_Description of the task_: Below are records; the lines starting at the one with "Womens brown ASOS sweater size small" and ending at the one with "Detecting video format" must be reproduced exactly, both included. Pictures must not appear.

_Task material_:
-=-=-=-=-
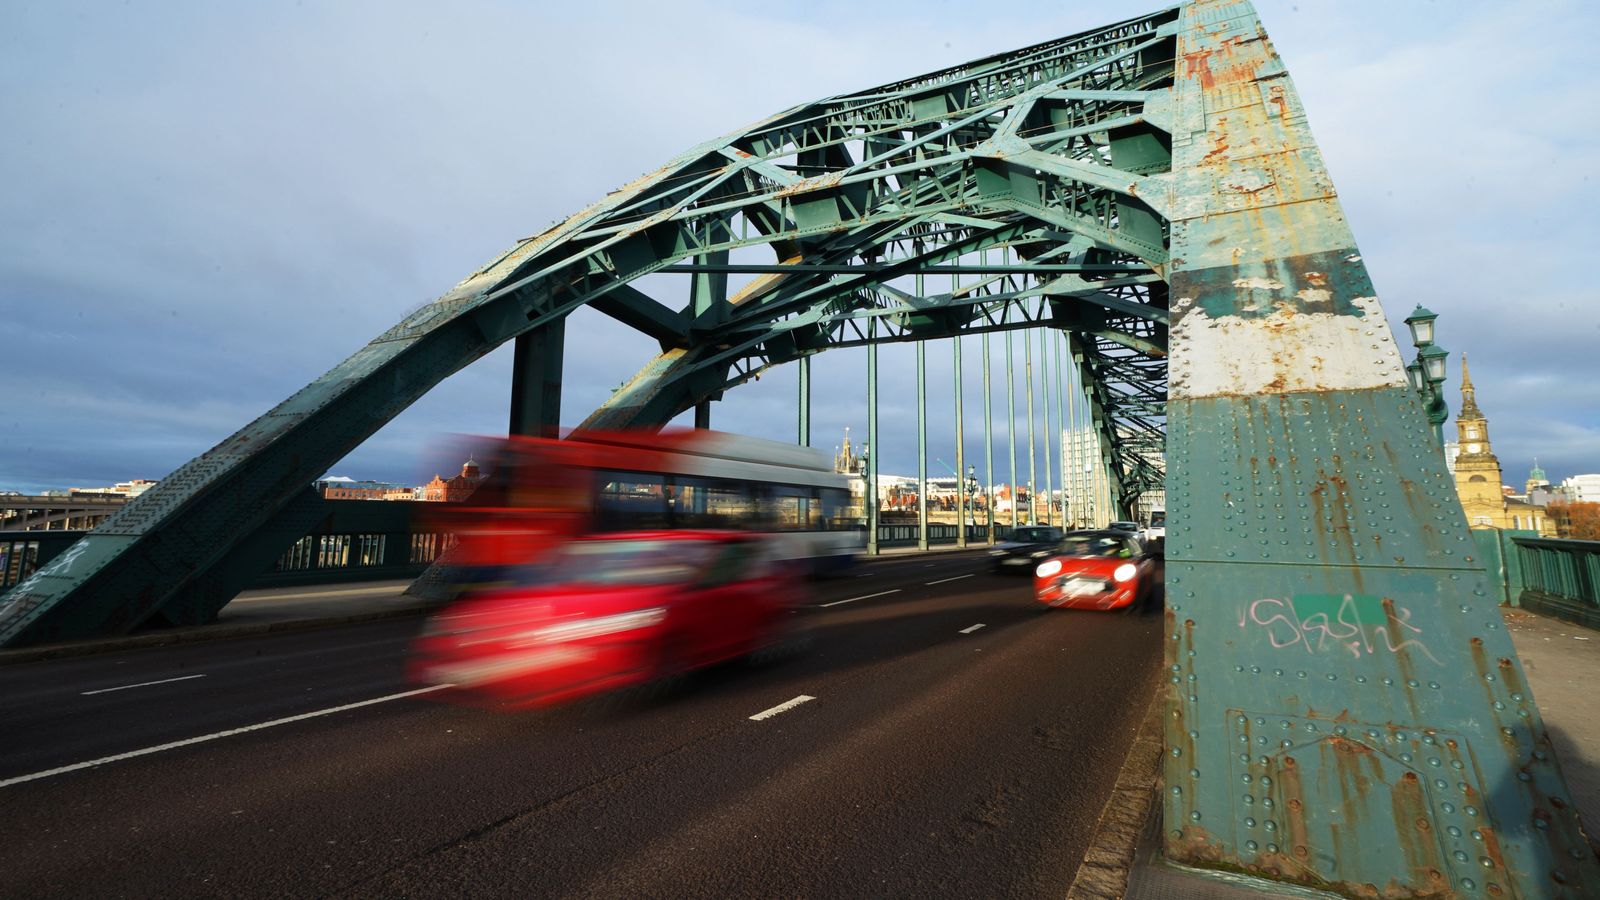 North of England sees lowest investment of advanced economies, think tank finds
-=-=-=-=-
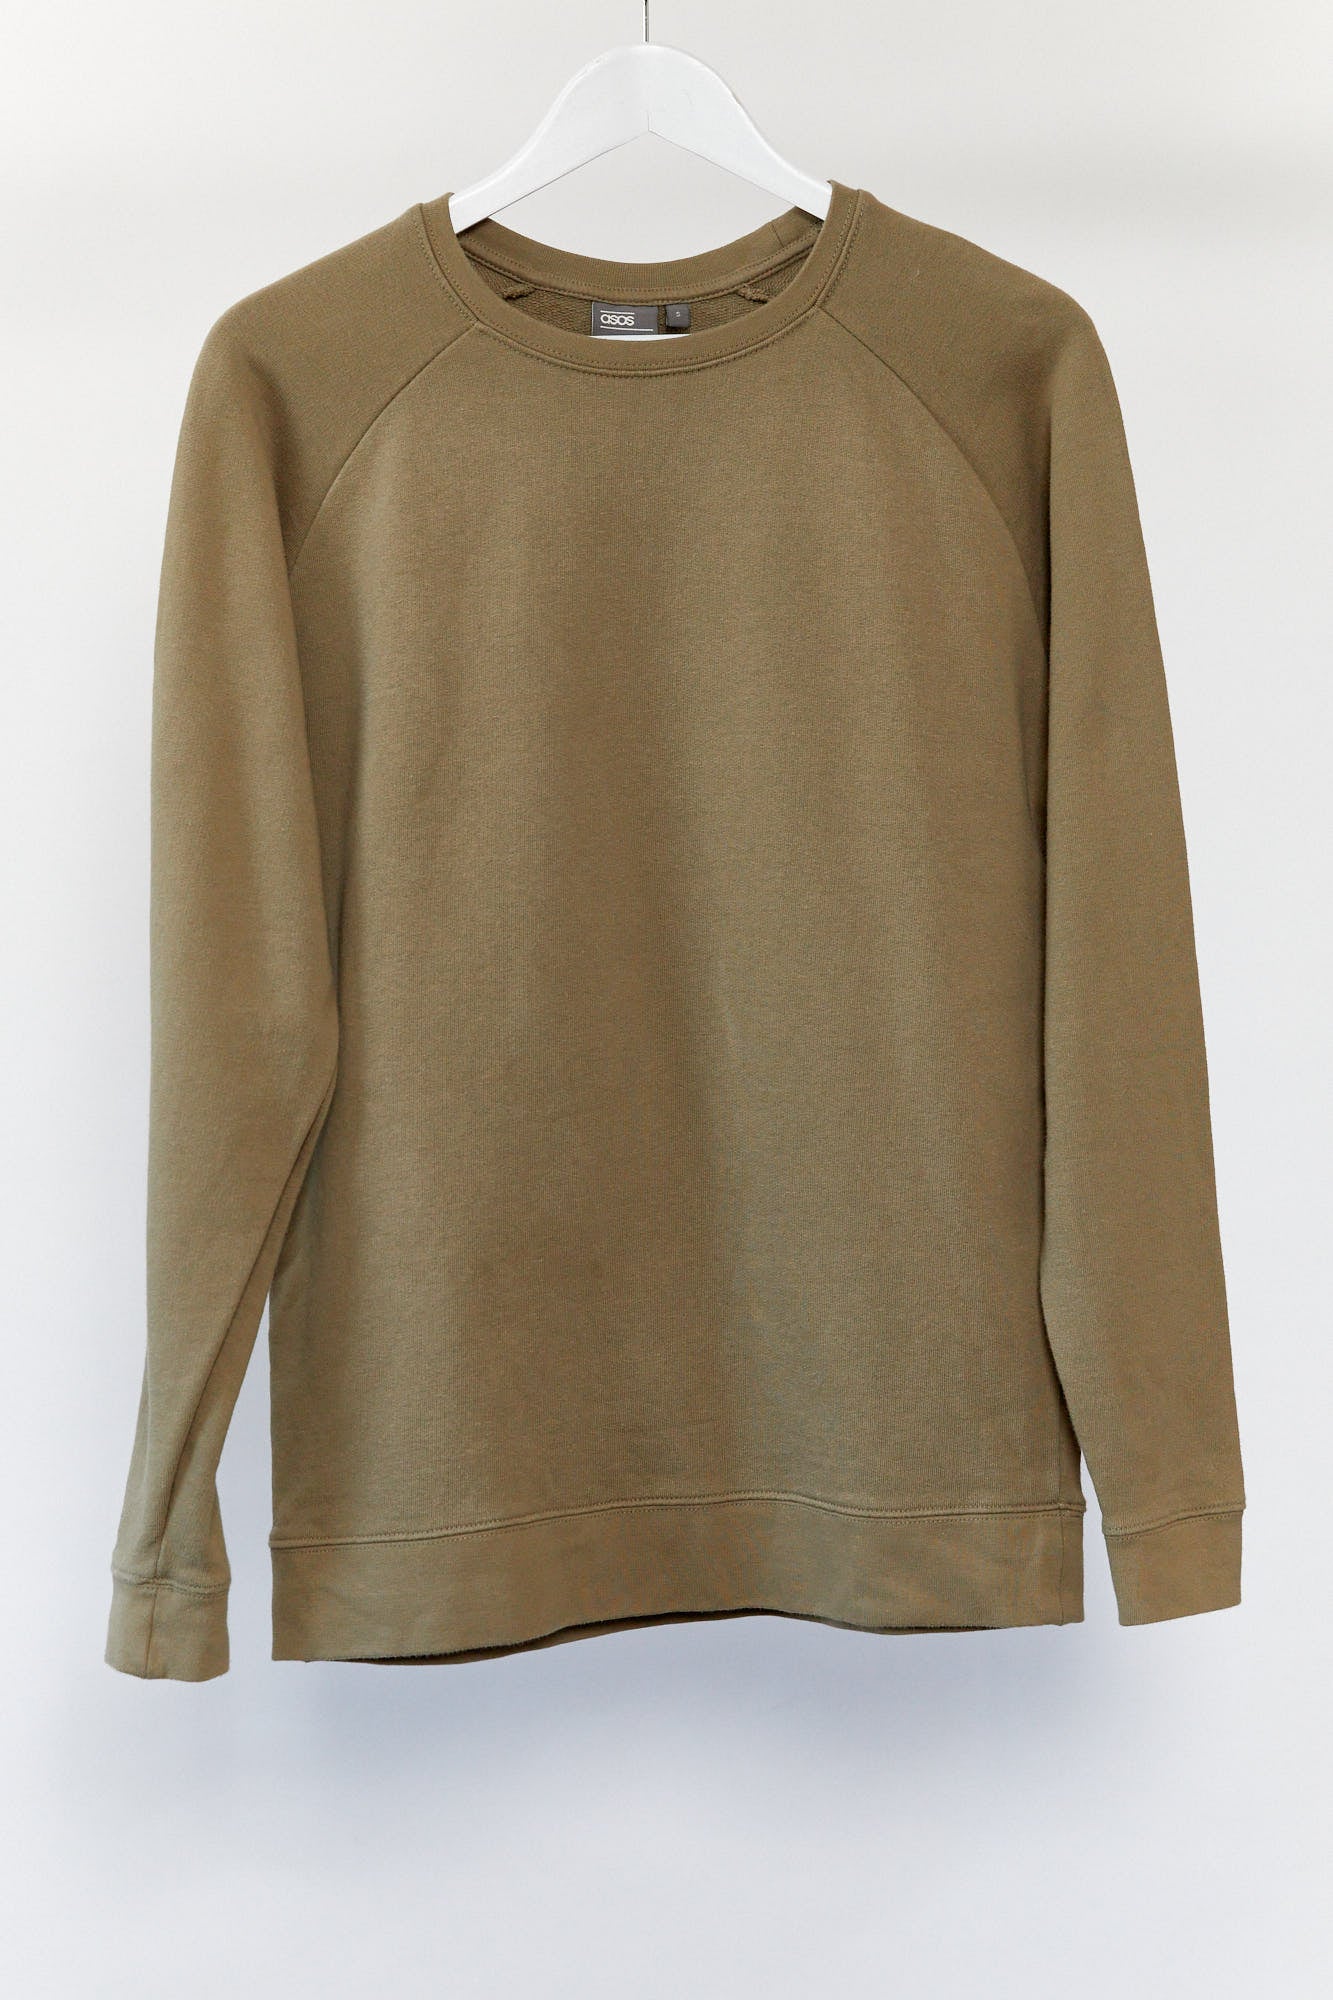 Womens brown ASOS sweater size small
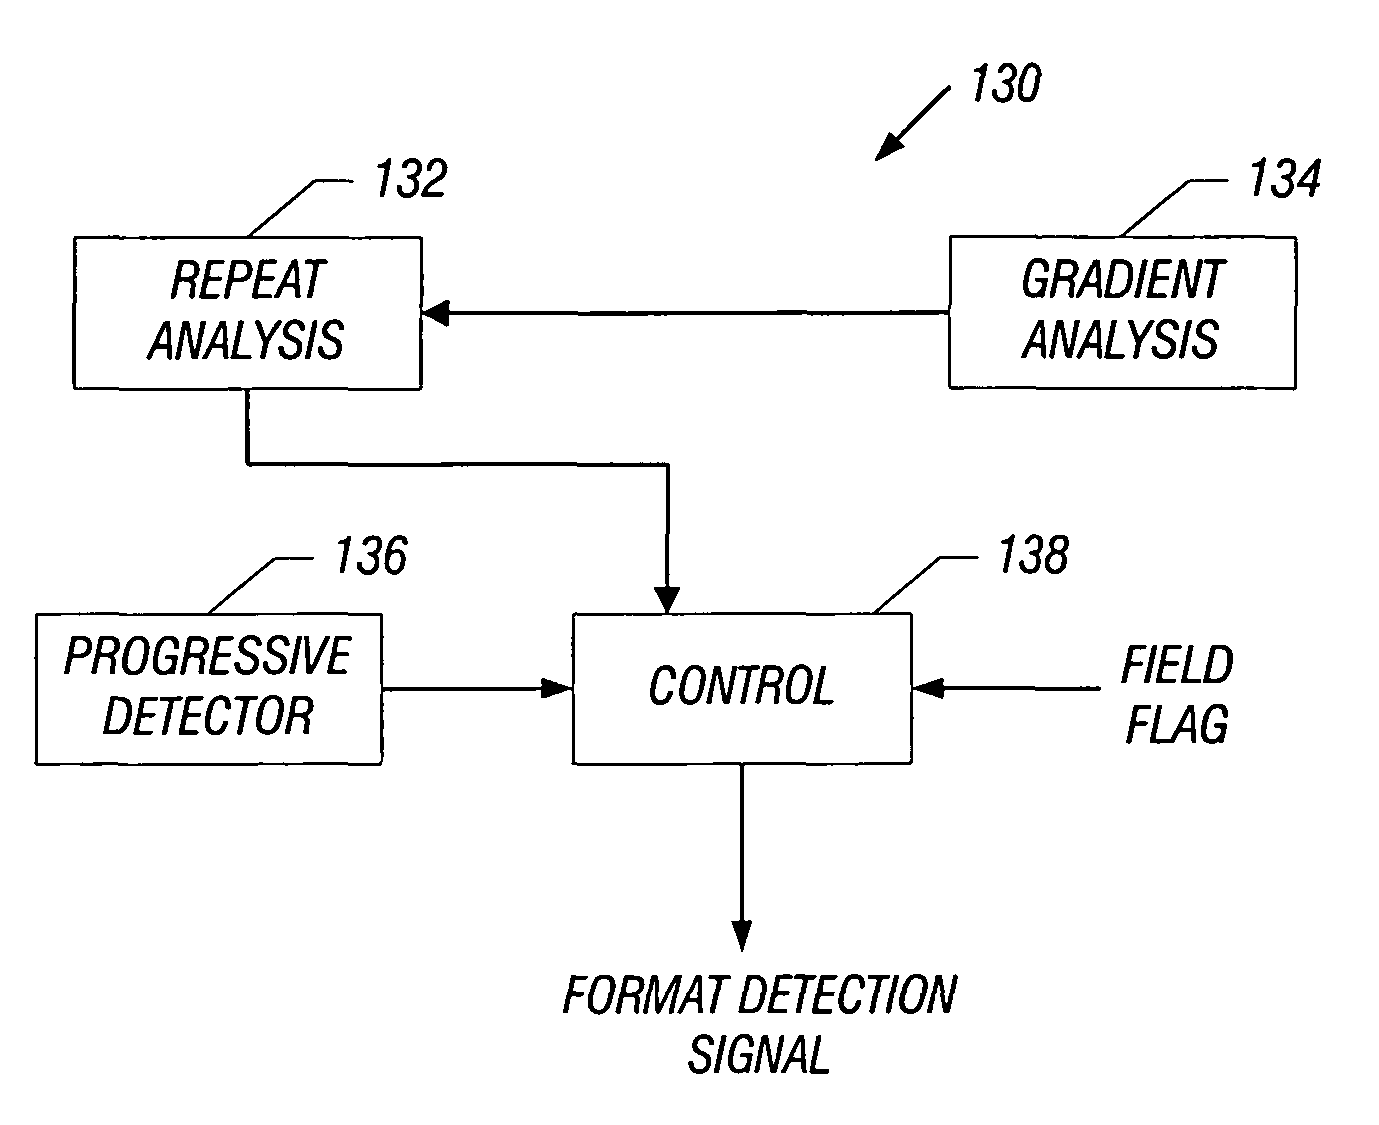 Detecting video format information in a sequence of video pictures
-=-=-=-=-
_Task response_:
 Womens brown ASOS sweater size small
 Detecting video format information in a sequence of video pictures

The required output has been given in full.